Bone befriends a troubled child named Shannon Pearl who has translucent skin and white-blonde hair. Shannon is the object of constant ridicule and shares Bone’s obsession with violence. Bone travels with the Pearl family, who work on the gospel singing circuit, until she and Shannon fight over the wealthier girl's use of a racial slur. Long afterward, Bone accepts a reconciliatory invitation to attend a barbecue at Shannon's house. Their reunion takes a fatal turn, though, and Bone witnesses Shannon burn alive after throwing lighter fluid onto a grill. Shannon's death disturbs and unsettles Bone.

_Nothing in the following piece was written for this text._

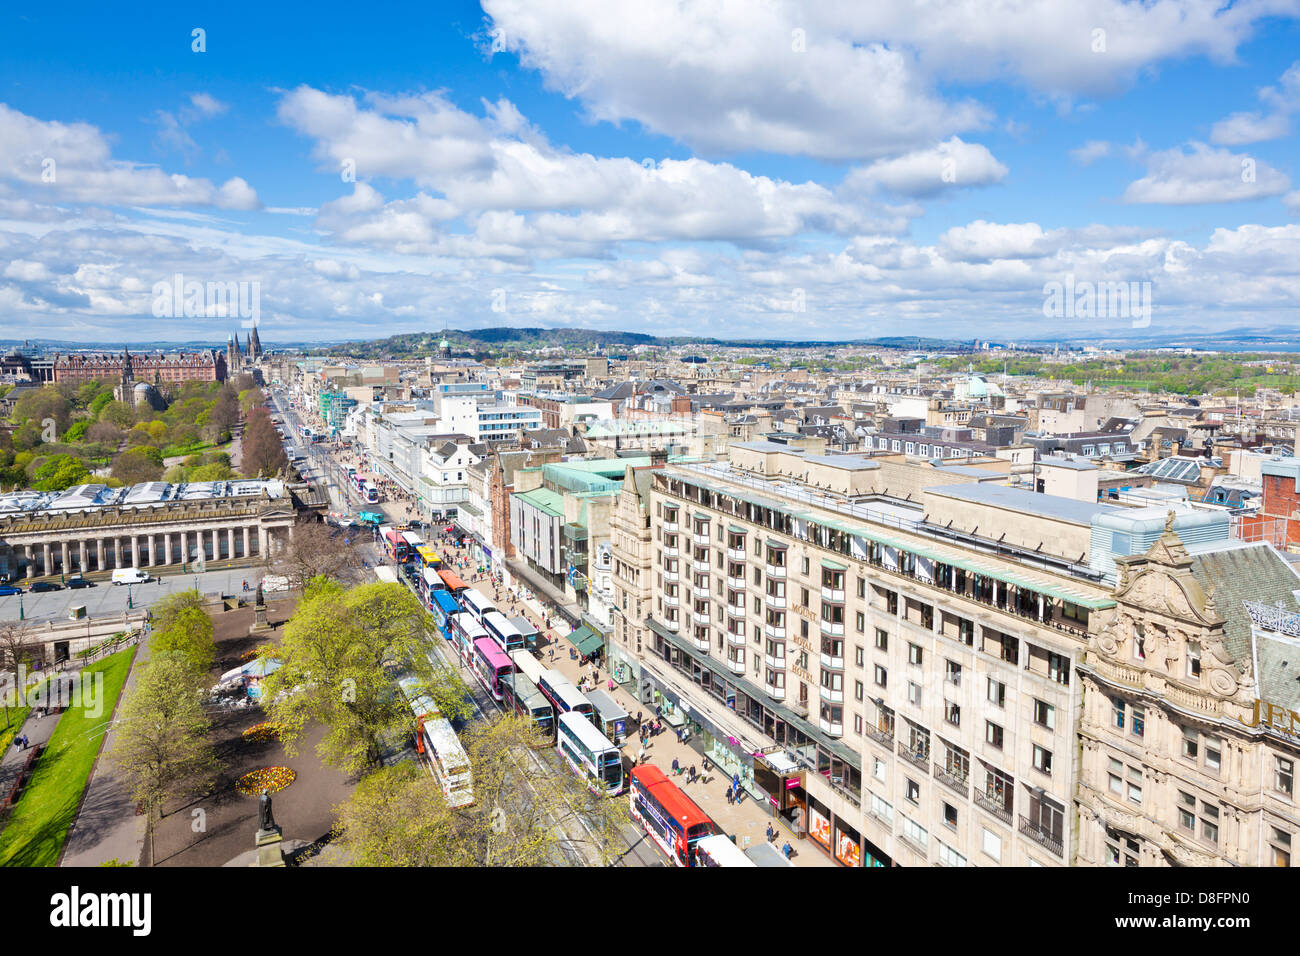 Ansicht der Princes Street, Edinburgh Stadtzentrum Edinburgh Midlothian Schottland Großbritannien GB EU Europa Stockfoto

Reese begins displaying some of the same disturbing sexual behavior as Bone, implying that she is also a victim of Glen’s abuse. Anney, trying to ensure the girls are never alone with Glen, sends Bone to help her sister Raylene in the afternoons. Bone quickly bonds with her aunt, spending her time fishing items out of the river, tending to the garden, and helping can fruits. One afternoon, Bone pulls a pair of trawling hooks from the river and concocts a plan to break into Woolworths by scaling the wall. Bone recruits her cousin Grey to help her break into Woolworths one night. Once inside, Bone realizes that there is nothing she wants to take. Bone’s criminality continues her family's pattern: Grey and his brother Garvey are later arrested for drag racing on the highway and Bone’s beloved Uncle Earle is sent to prison for breaking a man’s jaw.
Aunt Ruth dies and the Boatwright family gathers for her funeral, where their dysfunction is on full display. Glen brutally beats Bone right before the funeral, leaving her backside bruised and bloody. During the event, everyone is drinking, including Bone. Aunt Raylene discovers the drunk Bone in the bathroom and sees the marks from Glen’s beating. Furious, she tells the Boatwright uncles who pull Glen outside, beating him so badly he has to be hospitalized. Instead of comforting her daughter, Anney remains cold and distant, blaming her for the abuse.
Anney moves her daughters to an apartment but continues to resent Bone. Bone senses her mother’s rejection and temporarily flees to Aunt Raylene’s. She soon leaves again to care for her Aunt Alma, who has an emotional breakdown after the death of her infant daughter. One night at Aunt Alma’s house, Bone tells her mother that when Anney returns to Glen, Bone will not go back with her. She refuses to ever live in the same house with Glen again.
Glen arrives at Aunt Alma’s soon after to demand Bone tell her mother that she wants all of them to live together again. Bone refuses and Glen beats and rapes her. Anney finds Glen on top of her daughter and screams, throwing things at him. She pulls her bleeding daughter to the car and puts her in the front seat. Before driving away, Anney stops to comfort Glen, who is smashing his head against the car and begging for her forgiveness. Meanwhile, Bone, bleeding and full of hate, slips into unconsciousness.
Bone wakes in a hospital where a domineering sheriff questions her until Aunt Raylene appears at her side. Raylene brings an apathetic and angry Bone back to her home where she tells Bone that Anney has disappeared with Glen. Bone remains mute and unresponsive for days as Raylene and her uncles attempt to communicate with her. One night Anney arrives, assures Bone that she loves her, and leaves her a gift: an envelope containing an unmarked copy of her birth certificate. Bone reflects on Anney’s life and concludes that she is destined to be a Boatwright woman, like her mother before her.